About Incentra Solutions, Inc.

     Incentra Solutions, Inc. (www.incentrasolutions.com) (OTCBB:ICNS) is a provider of complete IT & storage management solutions to enterprises and managed service providers in North America and Europe. Incentra’s complete solution includes managed services, professional services, hardware and software products with the Company’s First Call and Enhanced First Call support services, IT outsourcing solutions and financing options.

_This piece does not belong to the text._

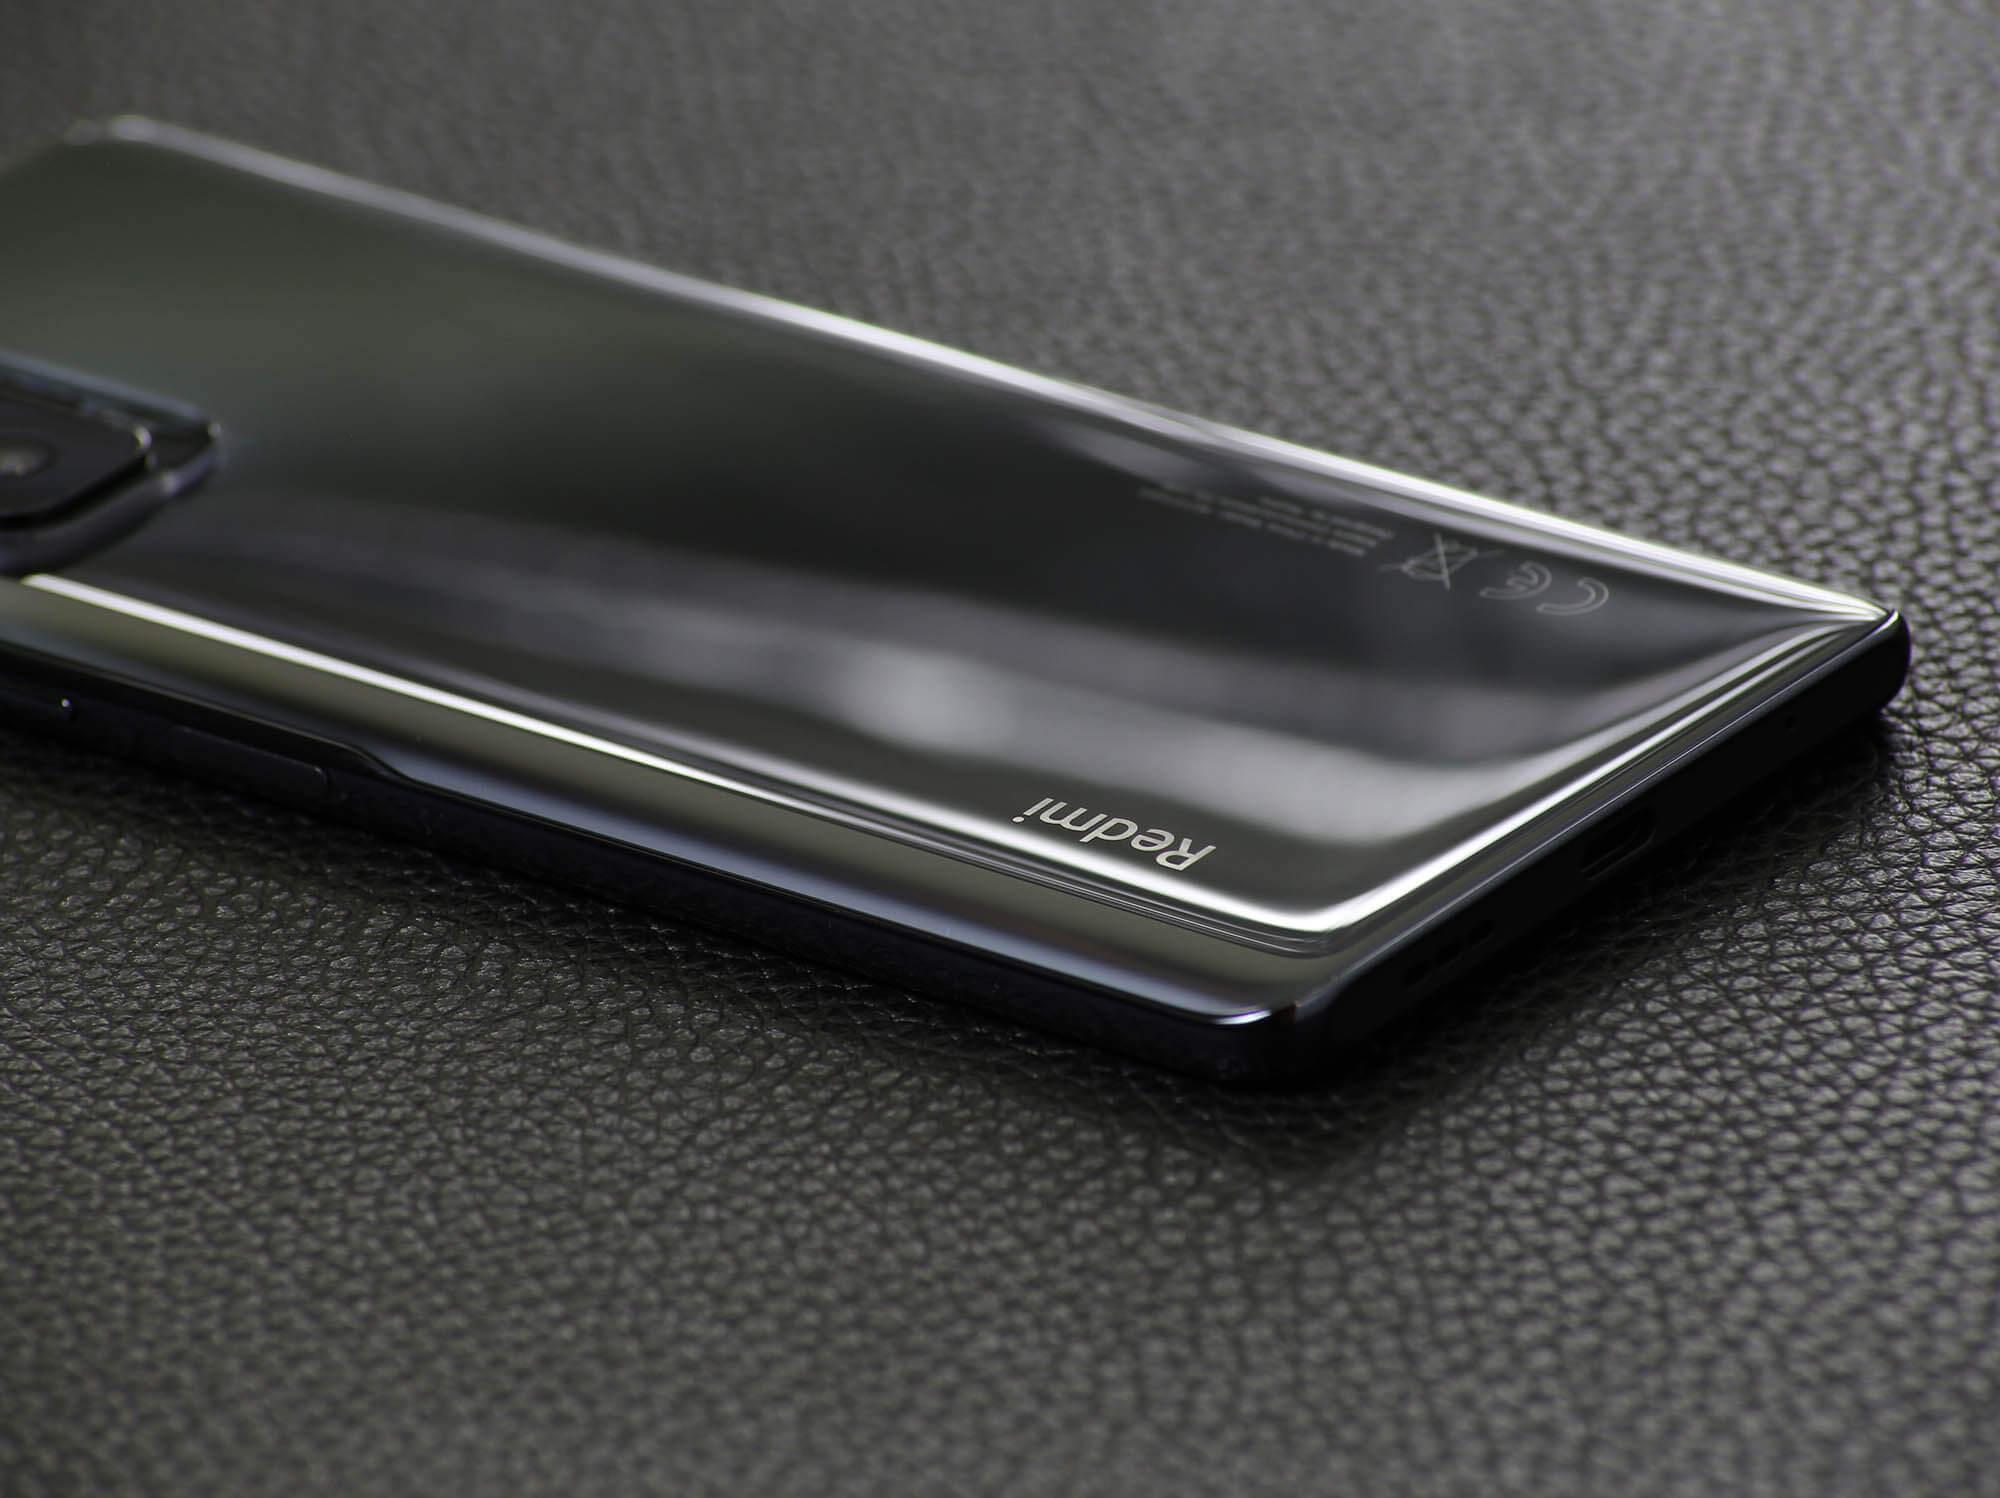 Redmi Note 10 Proは明るすぎない上品な鏡面仕上げ

Incentra Solutions Forward Looking Statements

     Certain information discussed in this press release may constitute forward-looking statements within the meaning of the Private Securities Litigation Reform Act of 1995 and the federal securities laws. Although the Company believes that the expectations reflected in such forward-looking statements are based upon reasonable assumptions at the time made, it can give no assurance that its expectations will be achieved. Readers are cautioned not to place undue reliance on these forward-looking statements. Forward-looking statements are inherently subject to unpredictable and unanticipated risks, trends and uncertainties such as the Company’s inability to accurately forecast its operating results; the Company’s potential inability to achieve profitability or generate positive cash flow; the availability of financing; and other risks associated with the Company’s business. For further information on factors which could impact the Company and the statements contained herein, reference should be made to the Company’s filings with the Securities and Exchange Commission, including Annual Reports on Form 10-KSB, Quarterly Reports on Form 10-QSB and Current Reports on Form 8-K. The Company assumes no obligation to update or supplement forward-looking statements that become untrue because of subsequent events.